Make an exact copy of the data below, leaving out every picture.

Dataset excerpt:
<<<<

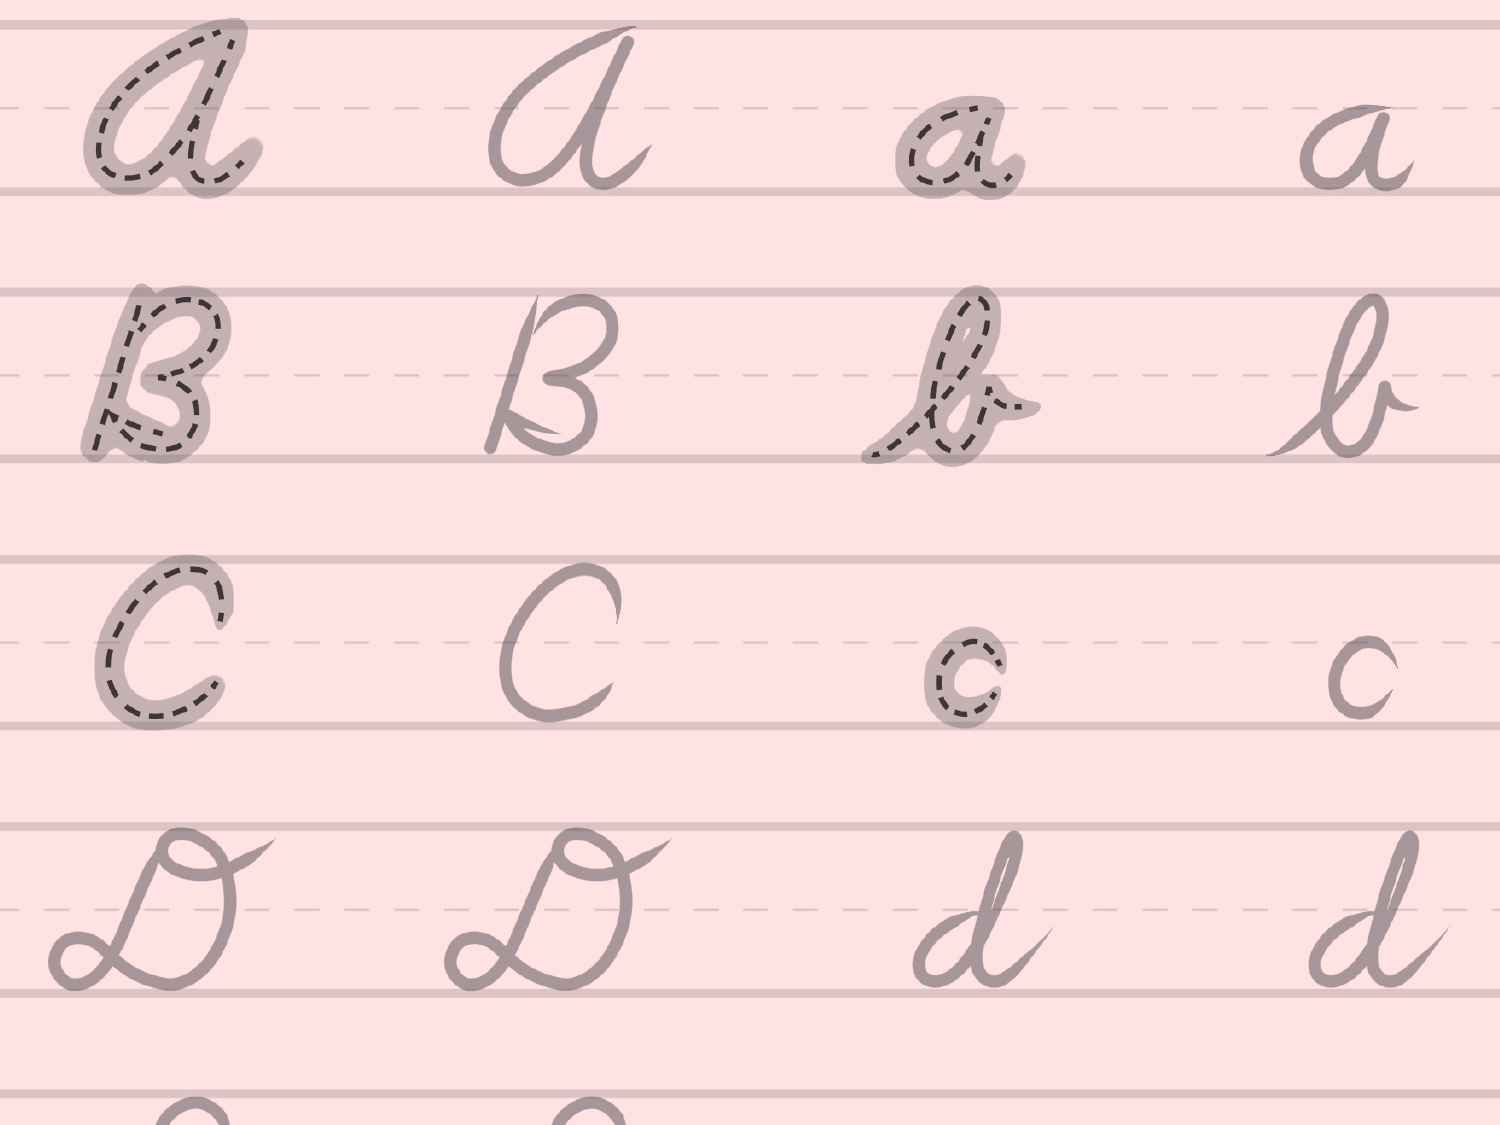 Writing Practice: Cursive Letters
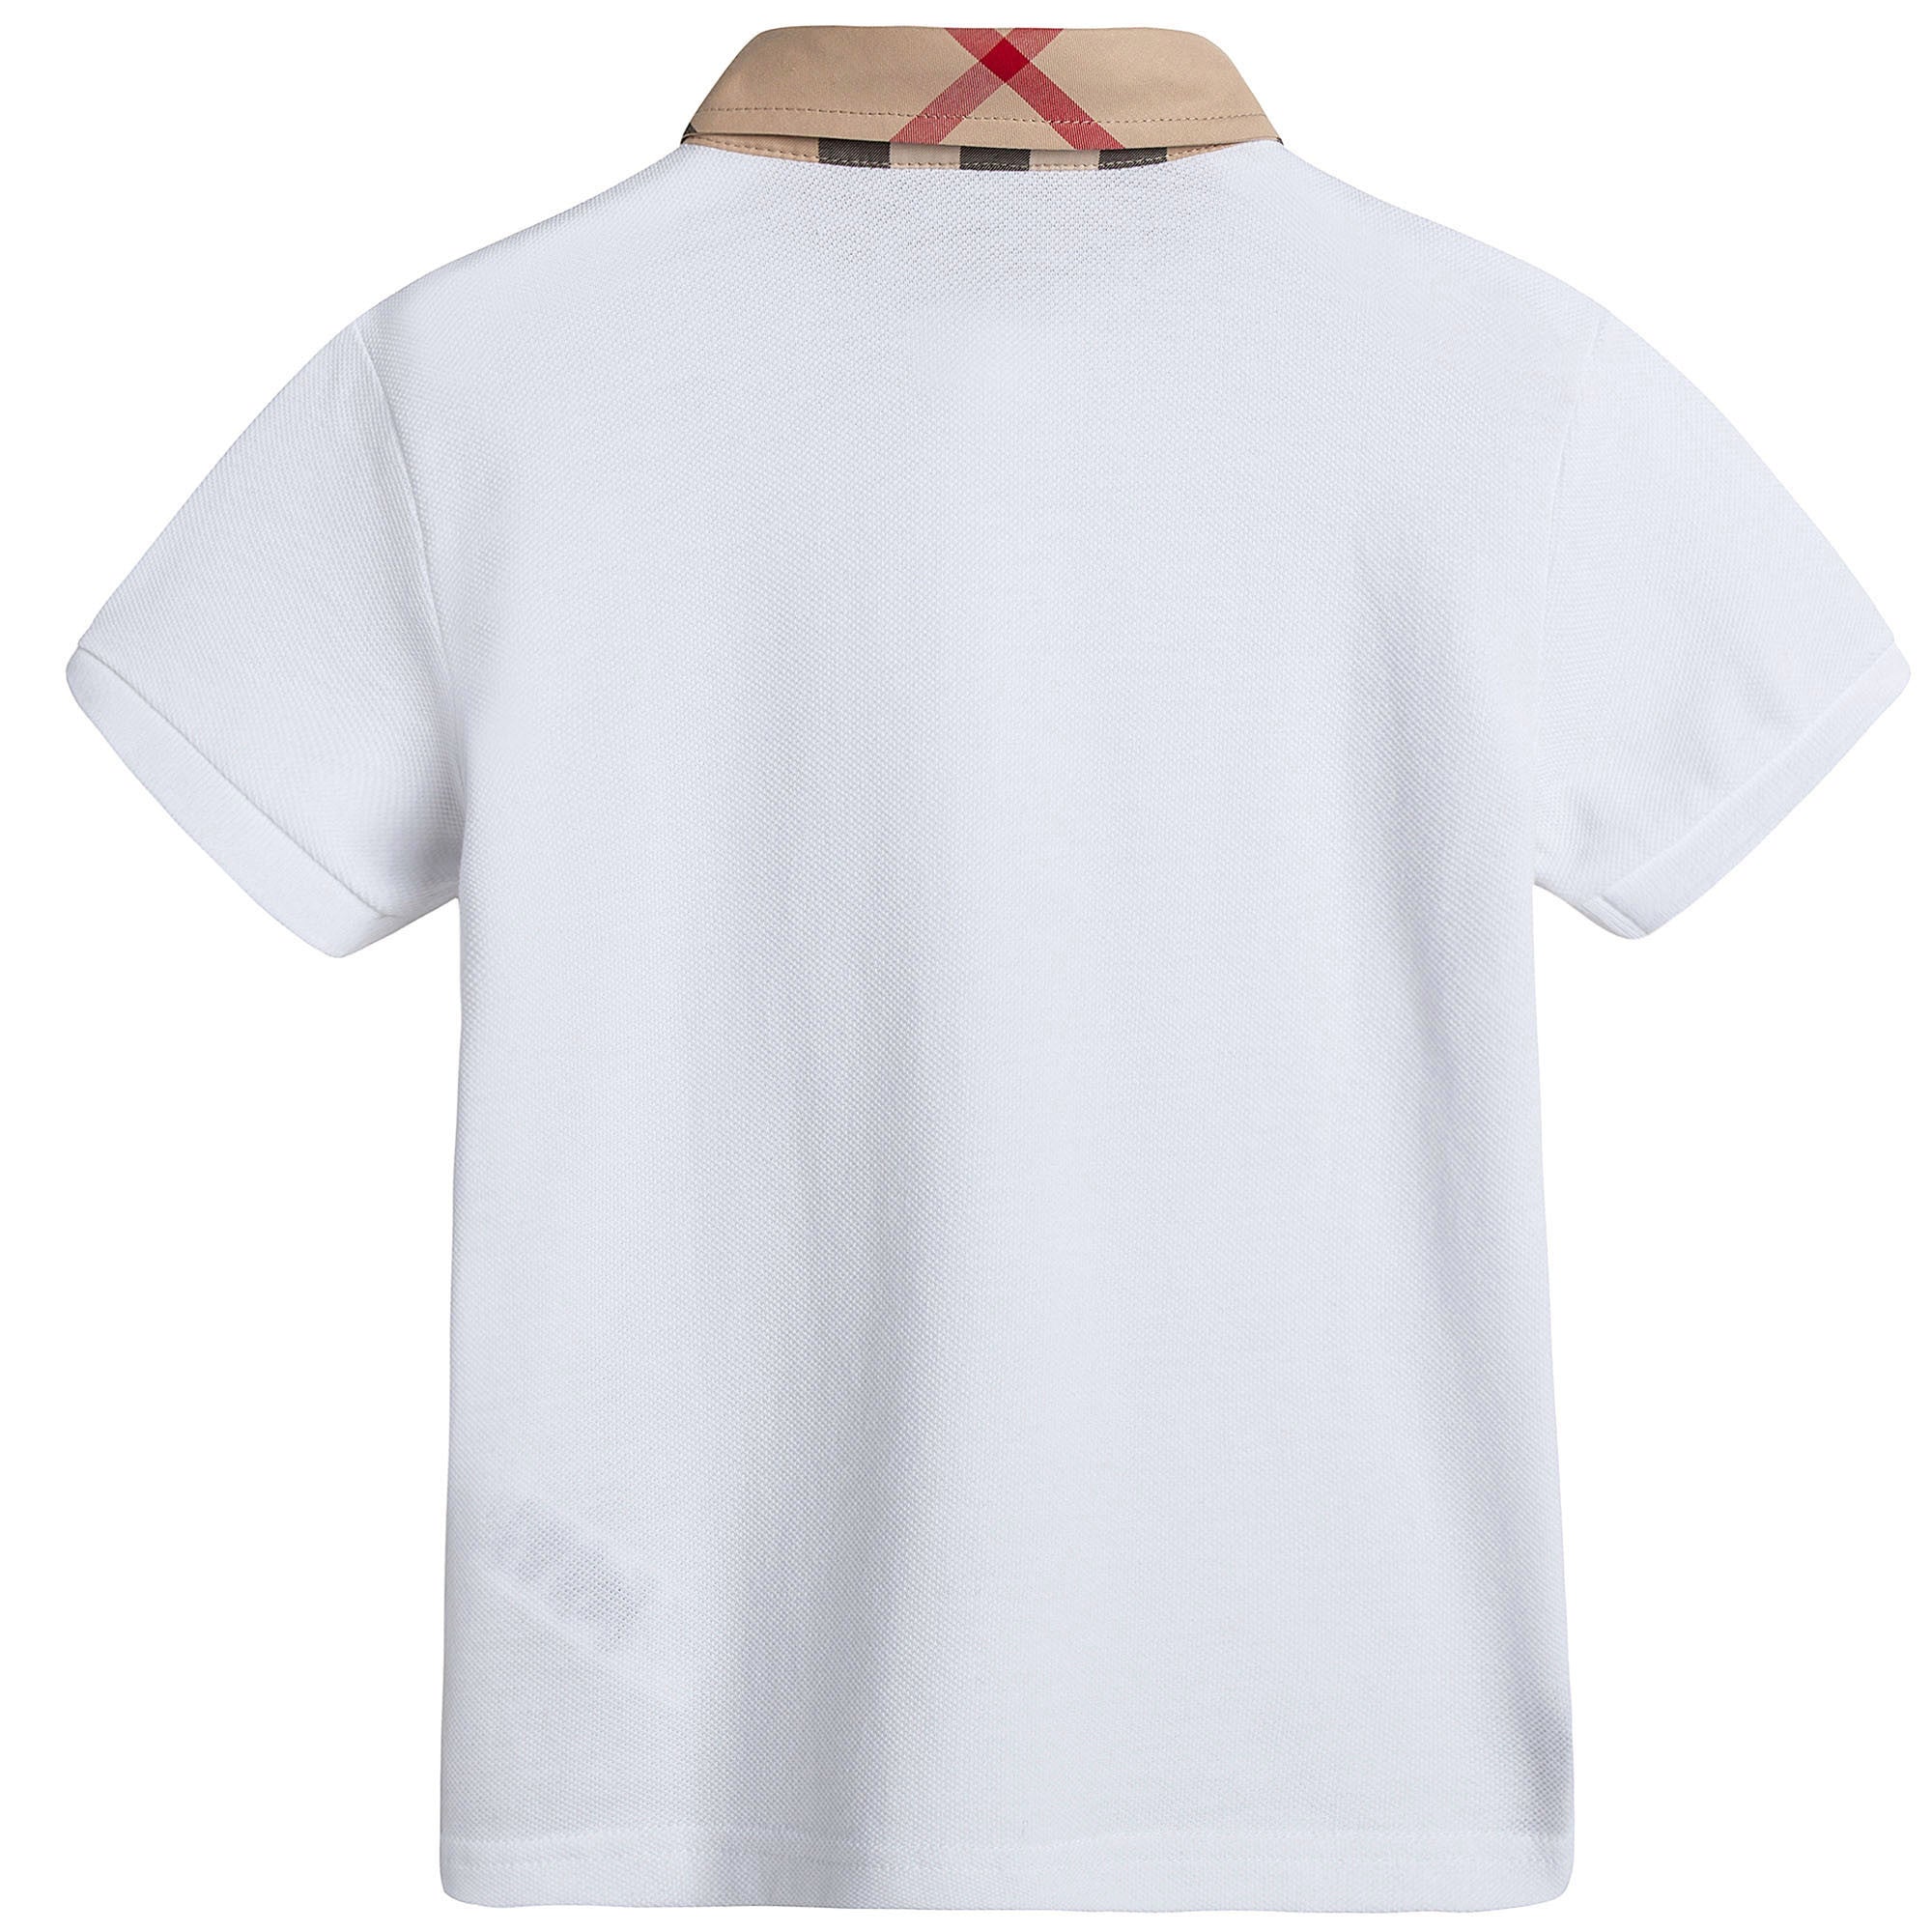 Boys White Cotton Polo Shirt With Checked Collar - CÉMAROSE | Children's Fashion Store - 2
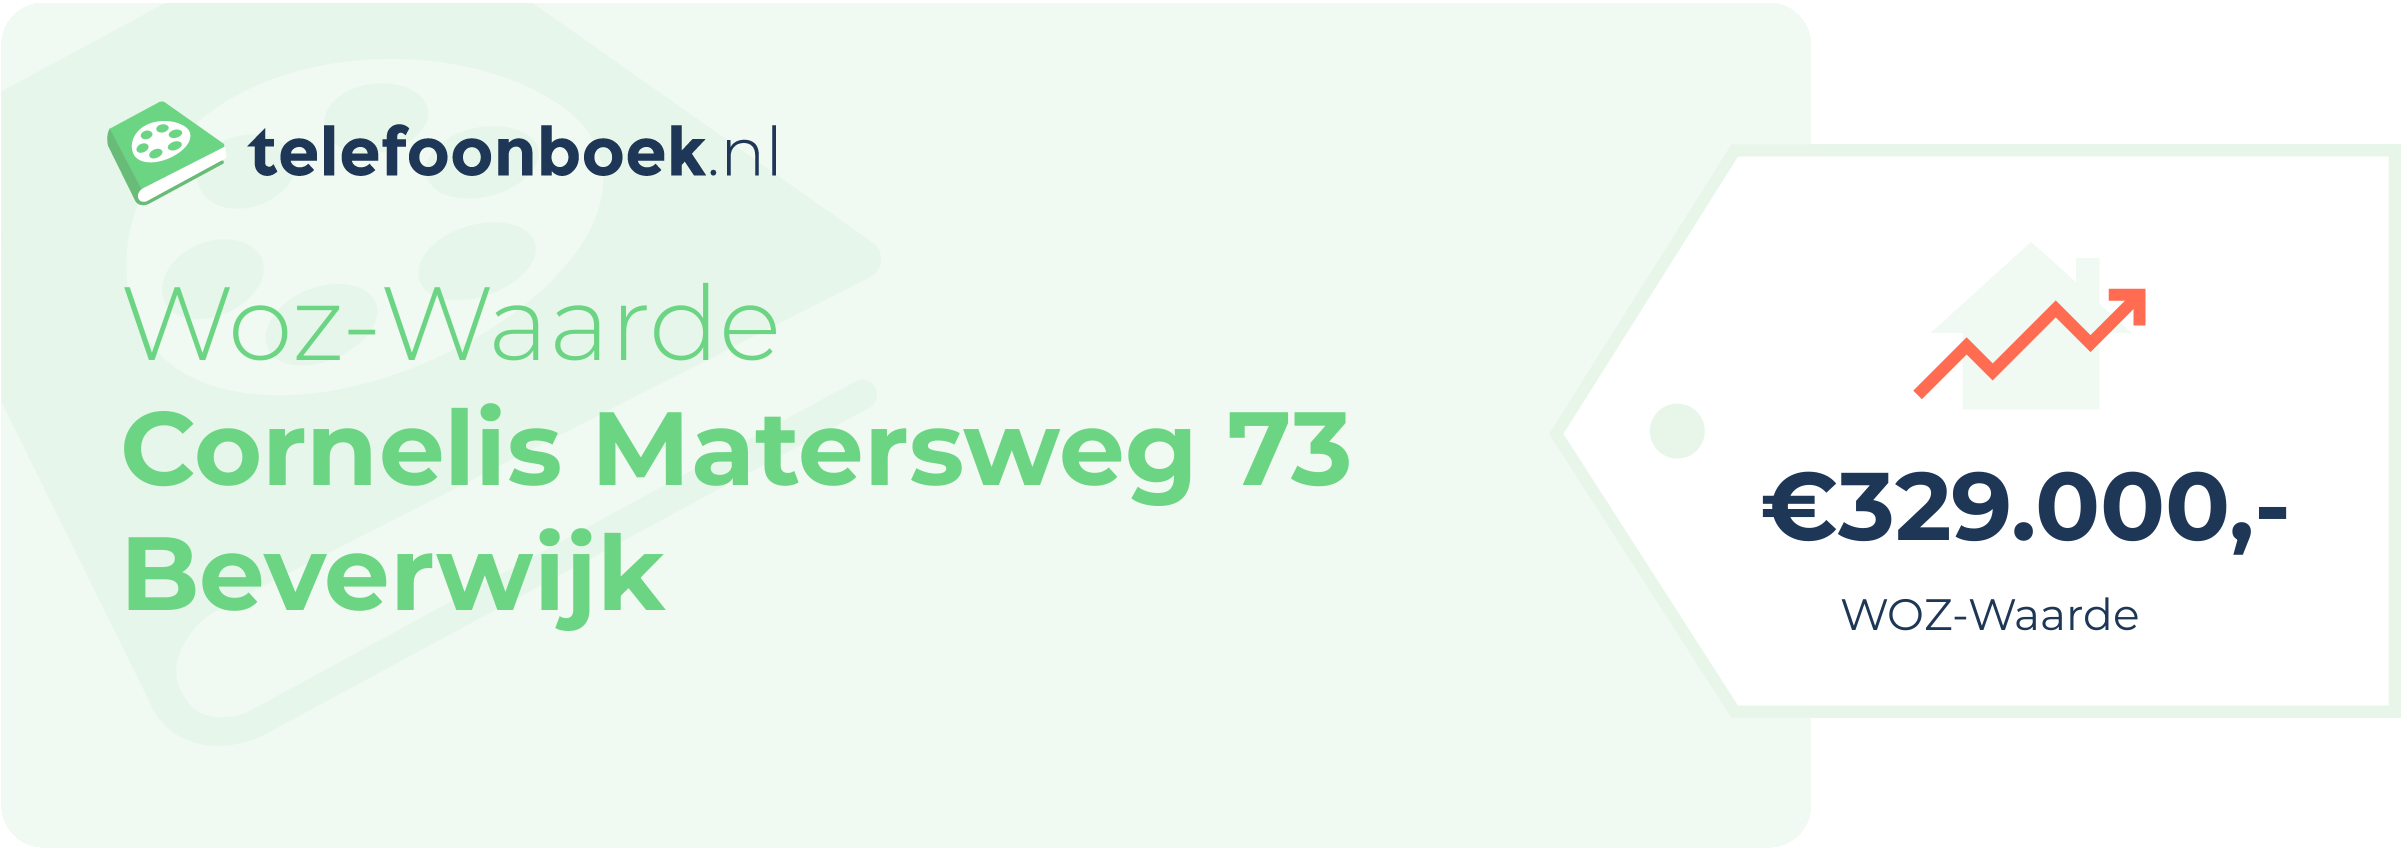 WOZ-waarde Cornelis Matersweg 73 Beverwijk

>>>>

Exercise result:
 Writing Practice: Cursive Letters
 Boys White Cotton Polo Shirt With Checked Collar - CÉMAROSE | Children's Fashion Store - 2
 WOZ-waarde Cornelis Matersweg 73 Beverwijk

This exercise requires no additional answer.